Five minutes later they reached the stairway. Pitt stepped aside, holding the light on the steps, letting Giordino climb first. Then he turned, beaming the light back in the passage, taking a last look, and his face became grim. He wondered how few men and women too, had suffered but escaped from that honeycombed hell. One thing, he thought, no one will ever know fully the history of the labyrinth. Only the ghosts lingered, the bodies had long since turned to dust. Then his mouth twisted and he looked away. Without another backward glance, be mounted the steps for the last time, vastly relieved at seeing sunlight again at the top landing. He was half-way through the rusting bars, vaguely aware that Giordino was standing oddly quiet with Teri still slung over a shoulder, when he heard a loud contemptuous laugh roar beside the archway.

“My compliments, gentlemen, on your exquisite taste in souvenirs. However, I feel it is my patriotic duty to inform you that the theft of valuable objects from historical sites is strictly forbidden under Greek law.”

11

Pitt froze while his mind raced to absorb the shock. He stood there, one leg outside, the other bent awkwardly inside the passage for what seemed to him a lifetime. He threw the Dive Brite and the flight bag behind him down the stairway and then squinted, Waiting for his eyes to adjust to the bright sunlight: he could barely discern a vague, formless shape that detached itself from the low stone wall and moved in front of him.

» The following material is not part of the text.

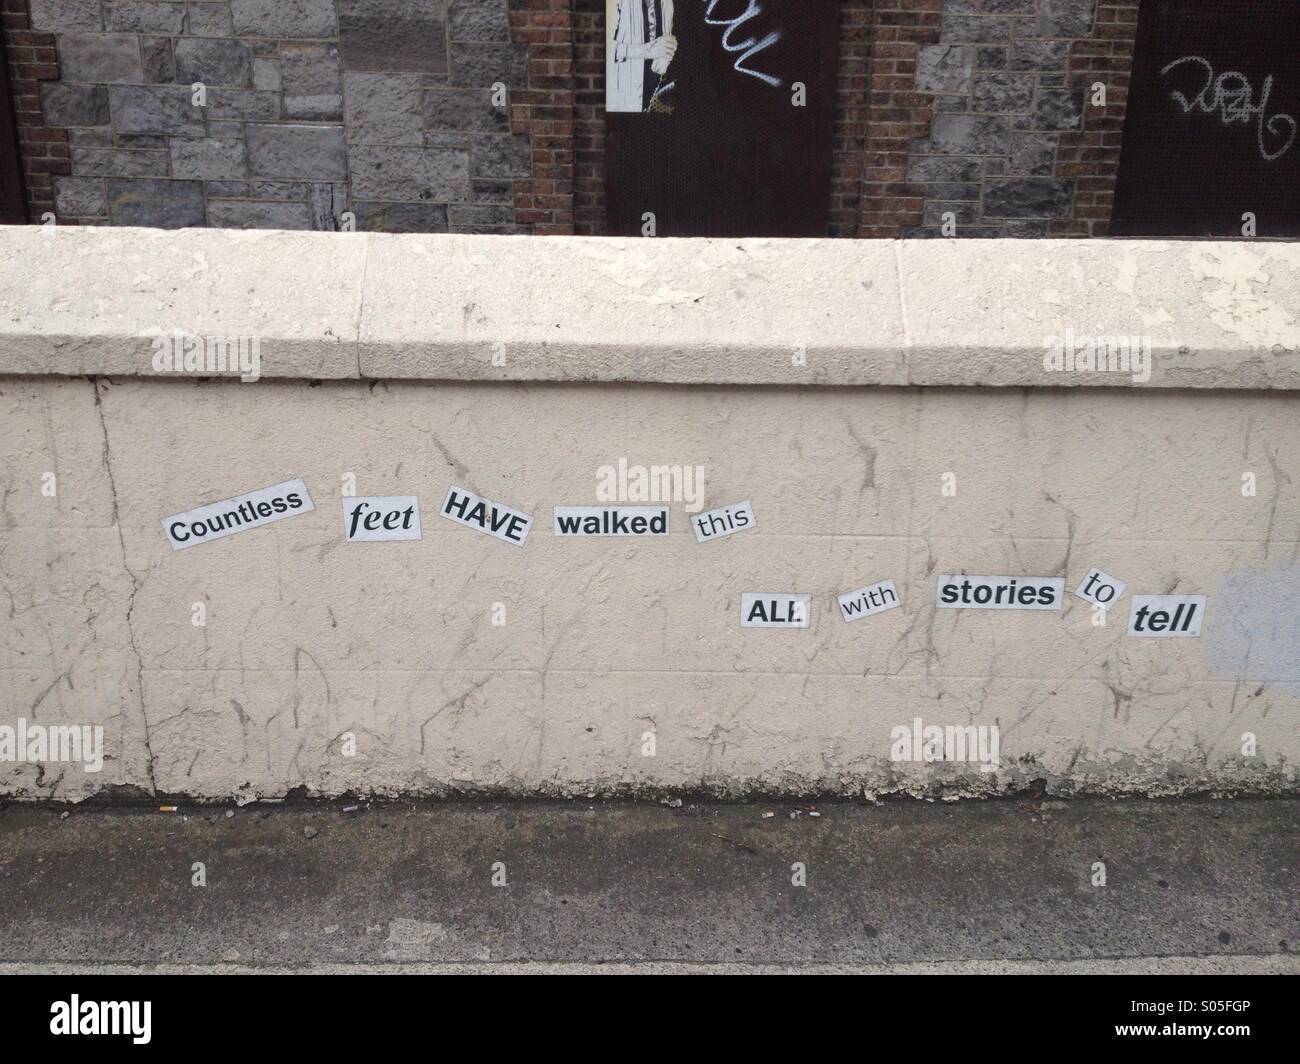 Street art on a wall in Dublin city, Ireland reading 'Countless feet have walked this all with stories to tell' Stock Photo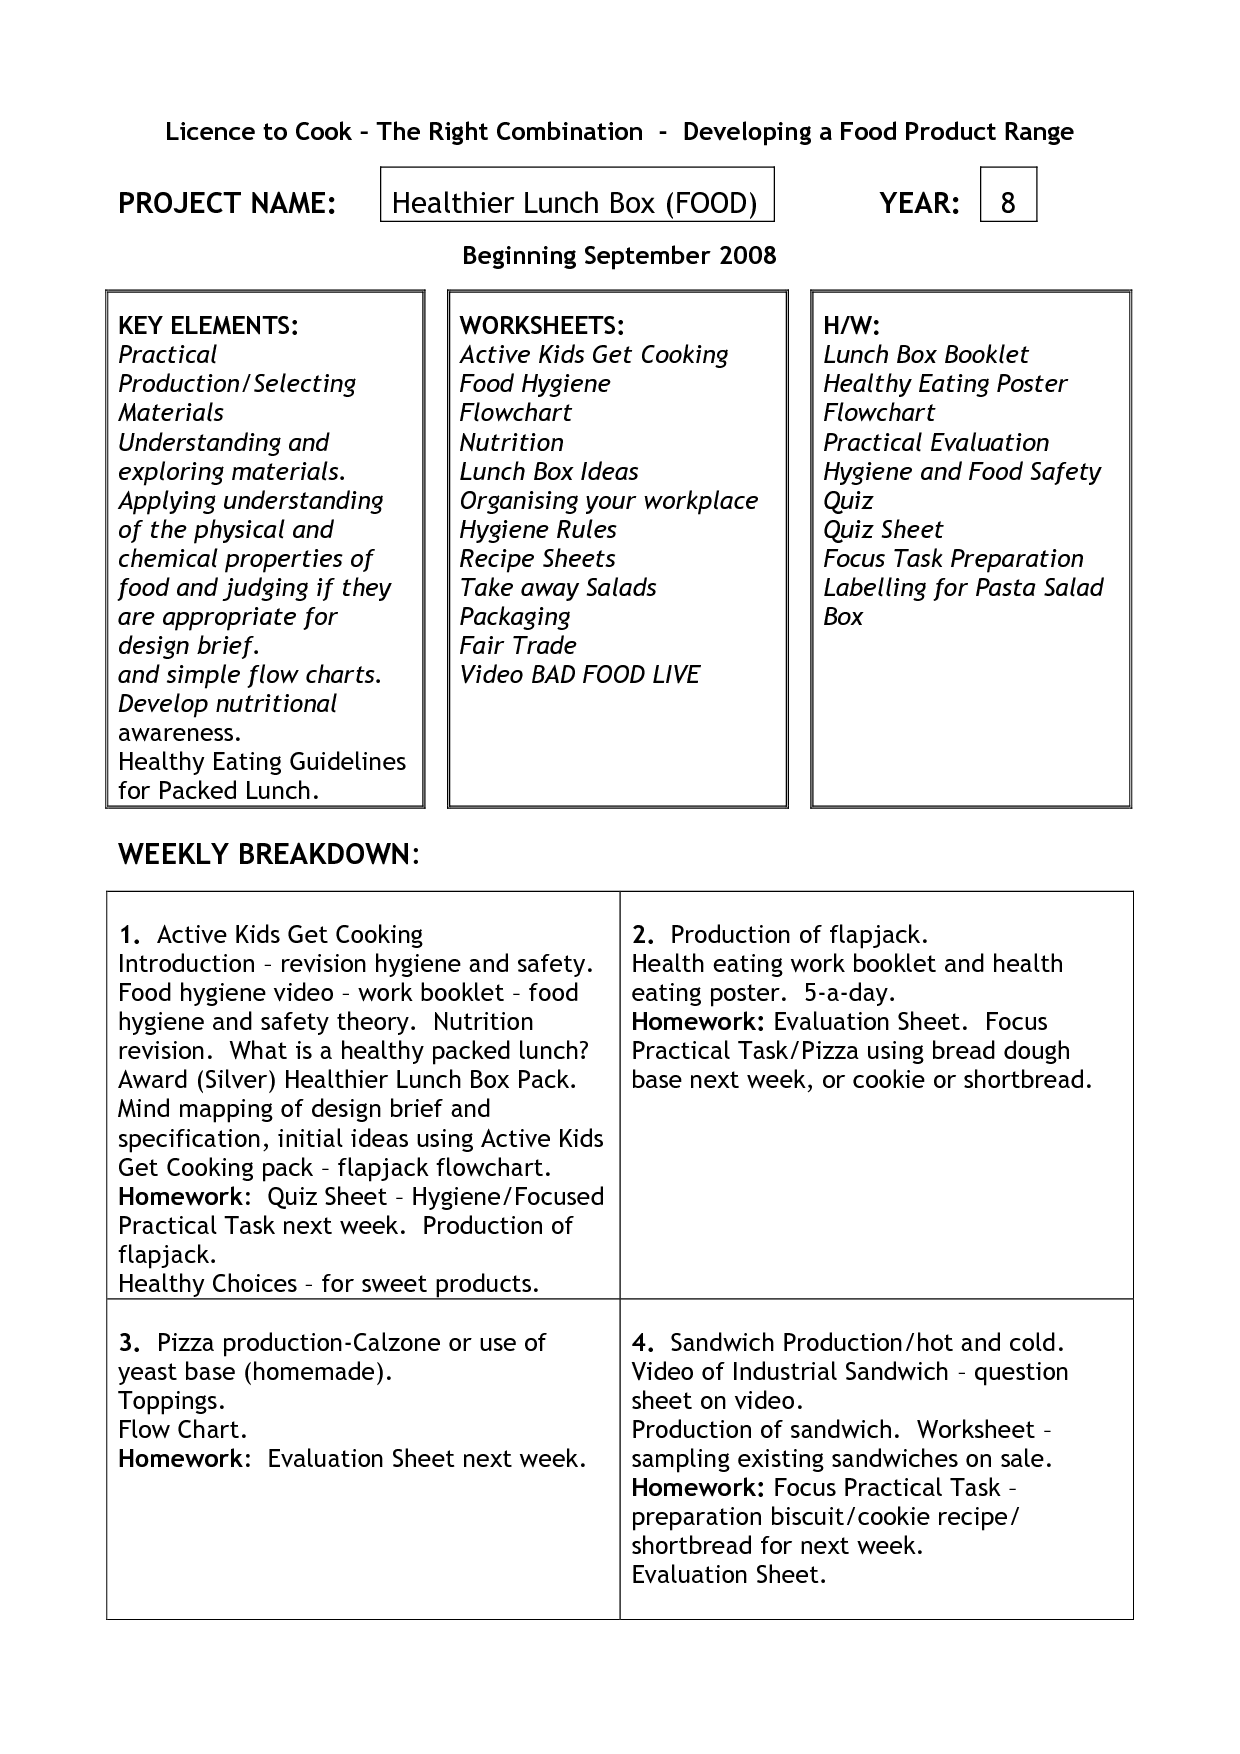 11 Best Images of Healthy Lunchbox Worksheets - Healthy Lunch Box

“I… I don’t understand,” Pitt mumbled dumbly, feigning a peasant kind of stupidity. “We’re not thieves.”

Again the resounding laugh. And the blurred form transformed into the Greek National Tourist Organization guide who wore a broad, white toothed smile beneath his great moustache; a swarthy hand gripped a nine millimeter Clisenti automatic pistol, the barrel aimed directly at Pitt’s heart.

“Not thieves,” the guide said sarcastically in faultless English. “Then kidnapers perhaps?”

“No, no,” pleaded Pitt, a forced tremor in his voice.